The initial goal of the program is to create 1,000 apartment units. And at least one-third of them must be “affordable housing.”
Of course, “affordable housing” typically is anything but – the preponderance of scholarly research shows that such efforts typically lead to fewer units being developed and that the prices of those outside the “affordable” cohort must be raised to cover the cost.
Or, in this case and others around the country, publicly subsidizing a government intervention that has little to no chance of “success” and seeks to cover up the lie of the intervention with the market-perverting intervention of subsidies.
Some “deal,” eh?
Yet, Chicago Mayor Lori Lightfoot said that only projects that meet the city’s affordable-housing goals will qualify for public subsidies.
Talk about guaranteeing failure. Perhaps she should concentrate more on tackling The Windy City’s horrid violence or stop figuring out how she can lob $1 billion-plus to upgrade Soldier Field to keep the NFL’s Bears in town.

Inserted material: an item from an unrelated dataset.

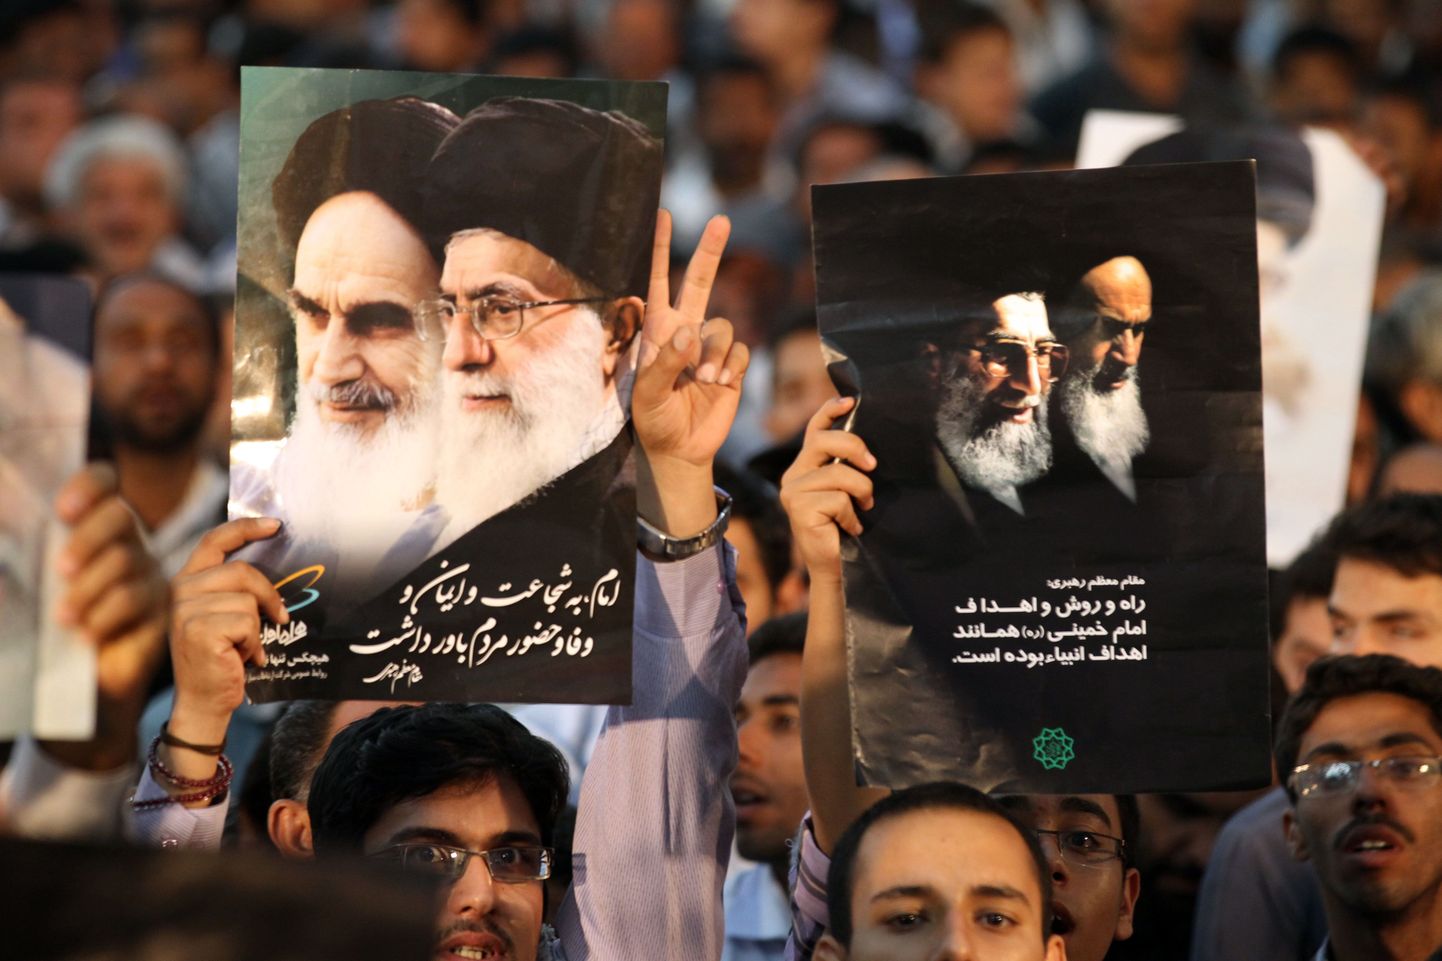 Iraanlased piltidega, millel on kõrvuti kaks ajatollat: Ruhollah Khomeini ja   Ali Khamenei (prillidega).

But, “This is not a story of corporate welfare,” says Chicago Deputy Mayor Samir Mayekar.
No, it’s demonstrably worse:
Central planners who know full well their plans won’t work are socializing that assured failure by greasing the palms of developers with public money.
Talk about the new balderdashery.
It is, by another phrase, a cluster cluck.

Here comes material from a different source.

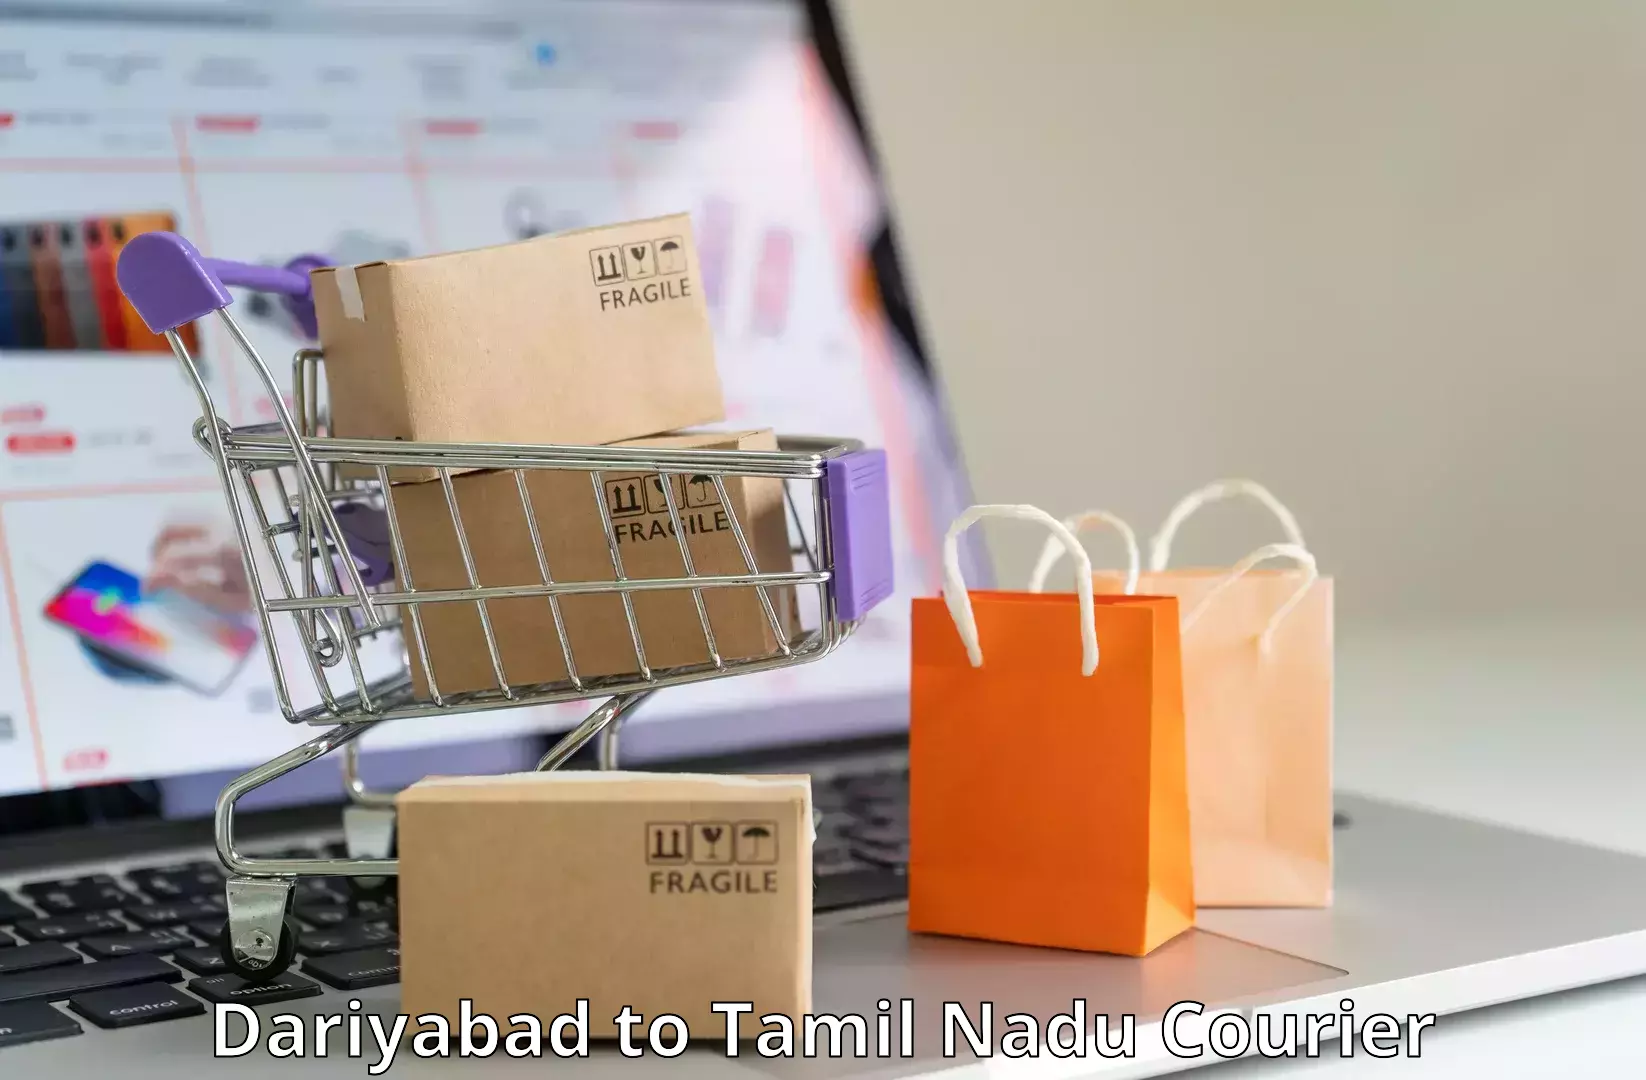 Premium courier solutions Dariyabad to Polur

Even sans the “affordable housing” canard, the public has absolutely no business having its pockets turned out for such office-to-residence conversions.
If there’s a market for such conversions, so be it. But the fact that government, from the get-go, has to juice that corrupted free marketplace with public money to fund a central plan should tell you all you need to know.
Similar efforts are sweeping California and New York City. And it’s right up there with new and renewed calls for rent control.
City after city that has attempted to cap rents have learned the hard way that it is, as one analyst put it, referring to exposed rent control failures in St. Paul, Minn., “among the dumbest policies known to man.”
As George Mason University economist Don Boudreaux reminds, “short of an actual shooting war, [it is] one of the most destructive.”
“Rent control certainly does, as it’s doing now in St. Paul, dampen builders’ enticements to construct new housing. But this policy also reduces landlords’ incentives and abilities to maintain existing housing units. The quantity of housing shrinks as its quality deteriorates.”
Or as Boudreaux references the late, great economist Walter Williams, “(S)hort of aerial saturation bombing, rent control might be one of the most effective means of destroying a city.”
Consider the growing move to publicly subsidize the conversion of office towers into residences, en masse, and with a mandatory “affordable housing” component, no less than a carpet bombing.